TensorFlow v2.0入门教程——06卷积神经网络(CNN)

CNN

class CNN(tf.keras.Model):
    def __init__(self):
        super().__init__()
        # valid:表示不够卷积核大小的块,则丢弃;same表示不够卷积核大小的块就补0,所以输出和输入形状相同
        self.conv1 = tf.keras.layers.Conv2D(
            filters=32,             # 卷积层神经元（卷积核）数目
            kernel_size=[5, 5],     # 感受野大小
            padding='same',         # padding策略（vaild 或 same）
            activation=tf.nn.relu   # 激活函数
        )
        self.pool1 = tf.keras.layers.MaxPool2D(pool_size=[2, 2], strides=2)
        self.conv2 = tf.keras.layers.Conv2D(
            filters=64,
            kernel_size=[5, 5],
            padding='same',
            activation=tf.nn.relu
        )
        self.pool2 = tf.keras.layers.MaxPool2D(pool_size=[2, 2], strides=2)
        self.flatten = tf.keras.layers.Reshape(target_shape=(7 * 7 * 64,))
        self.dense1 = tf.keras.layers.Dense(units=1024, activation=tf.nn.relu)
        self.dense2 = tf.keras.layers.Dense(units=10)

    def call(self, inputs):
        x = self.conv1(inputs)                  # [batch_size, 28, 28, 32]
        x = self.pool1(x)                       # [batch_size, 14, 14, 32]
        x = self.conv2(x)                       # [batch_size, 14, 14, 64]
        x = self.pool2(x)                       # [batch_size, 7, 7, 64]
        x = self.flatten(x)                     # [batch_size, 7 * 7 * 64]
        x = self.dense1(x)                      # [batch_size, 1024]
        x = self.dense2(x)                      # [batch_size, 10]
        output = tf.nn.softmax(x)
        return output

# 调整超参数
num_epochs = 5
batch_size = 50
learning_rate = 0.001
model = CNN()
data_loader = MNISTLoader()
optimizer = tf.keras.optimizers.Adam(learning_rate=learning_rate)
num_batches = int(data_loader.num_train_data // batch_size * num_epochs)
# 梯度下降
for batch_index in range(num_batches):
    X, y = data_loader.get_batch(batch_size)
    with tf.GradientTape() as tape:
        y_pred = model(X)
        loss = tf.keras.losses.sparse_categorical_crossentropy(y_true=y, y_pred=y_pred)
        loss = tf.reduce_mean(loss)
        print("batch %d: loss %f" % (batch_index, loss.numpy()))
    grads = tape.gradient(loss, model.variables)
    optimizer.apply_gradients(grads_and_vars=zip(grads, model.variables))

测试准确率

sparse_categorical_accuracy = tf.keras.metrics.SparseCategoricalAccuracy()
num_batches = int(data_loader.num_test_data // batch_size)
for batch_index in range(num_batches):
    start_index, end_index = batch_index * batch_size, (batch_index + 1) * batch_size
    y_pred = model.predict(data_loader.test_data[start_index: end_index])
    sparse_categorical_accuracy.update_state(y_true=data_loader.test_label[start_index: end_index], y_pred=y_pred)
print("test accuracy: %f" % sparse_categorical_accuracy.result())

test accuracy: 0.992200

MobileNetV2

以下展示一个例子，使用 MobileNetV2 网络在 tf_flowers 五分类数据集上进行训练（为了代码的简短高效，在该示例中我们使用了 TensorFlow Datasets 和 tf.data 载入和预处理数据）。

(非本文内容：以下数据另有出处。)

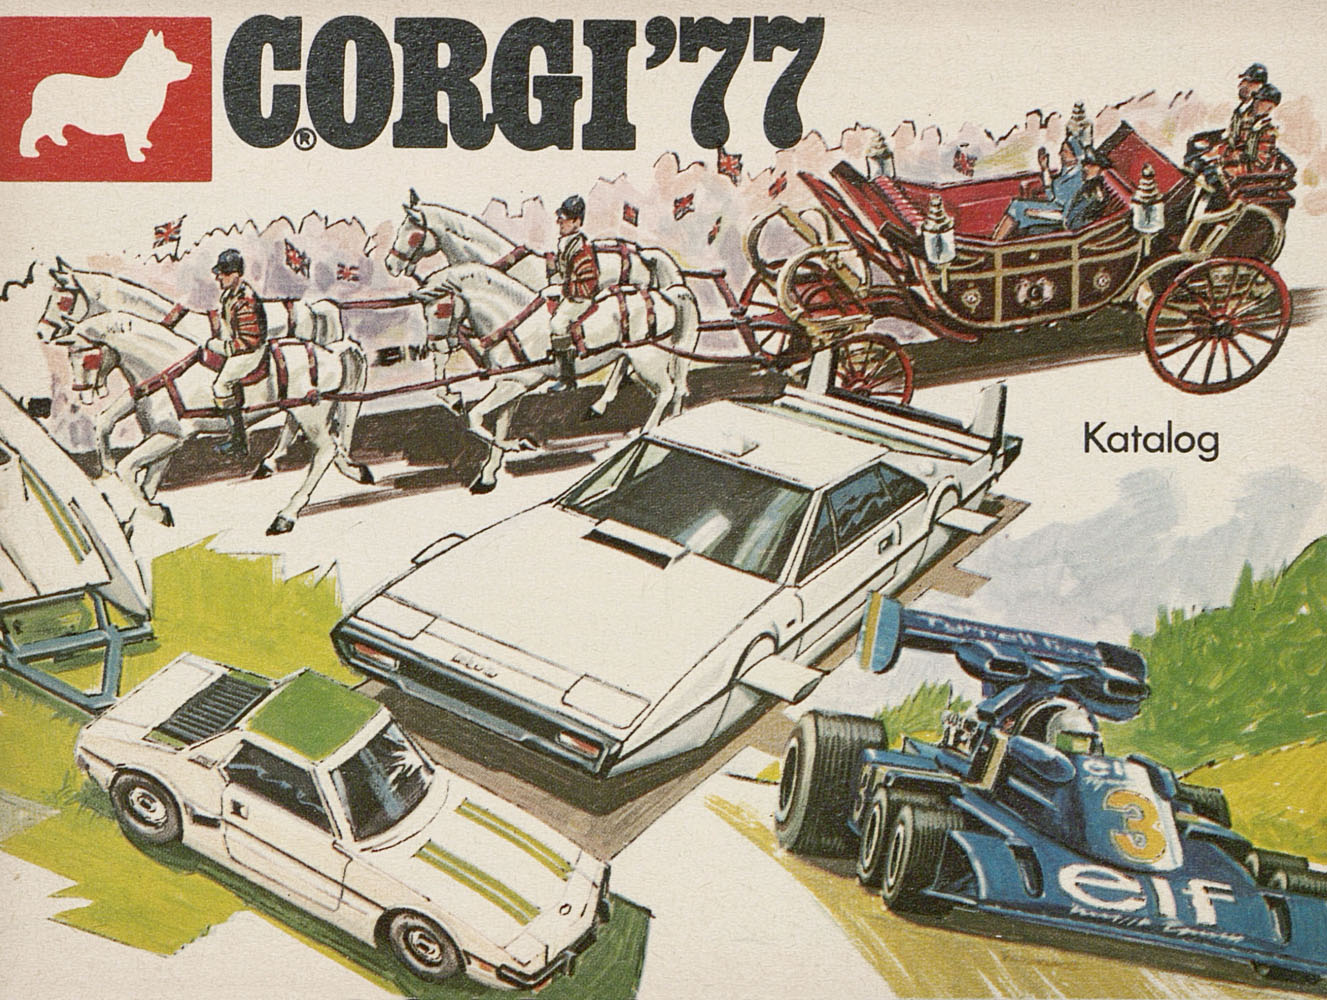 Corgi Toys catalog 1977

通过将 weights 设置为 None ，我们随机初始化变量而不使用预训练权值。同时将 classes 设置为 5，对应于 5 分类的数据集。

import tensorflow as tf
import tensorflow_datasets as tfds

learning_rate = 0.001

dataset = tfds.load("tf_flowers", split=tfds.Split.TRAIN, as_supervised=True)
dataset = dataset.map(lambda img, label: (tf.image.resize(img, [224, 224]) / 255.0, label)).shuffle(1024).batch(32)
model = tf.keras.applications.MobileNetV2(weights=None, classes=5)
optimizer = tf.keras.optimizers.Adam(learning_rate=learning_rate)
for images, labels in dataset:
    with tf.GradientTape() as tape:
        labels_pred = model(images)
        loss = tf.keras.losses.sparse_categorical_crossentropy(y_true=labels, y_pred=labels_pred)
        loss = tf.reduce_mean(loss)
        print("loss %f" % loss.numpy())
    grads = tape.gradient(loss, model.trainable_variables)
    optimizer.apply_gradients(grads_and_vars=zip(grads, model.trainable_variables))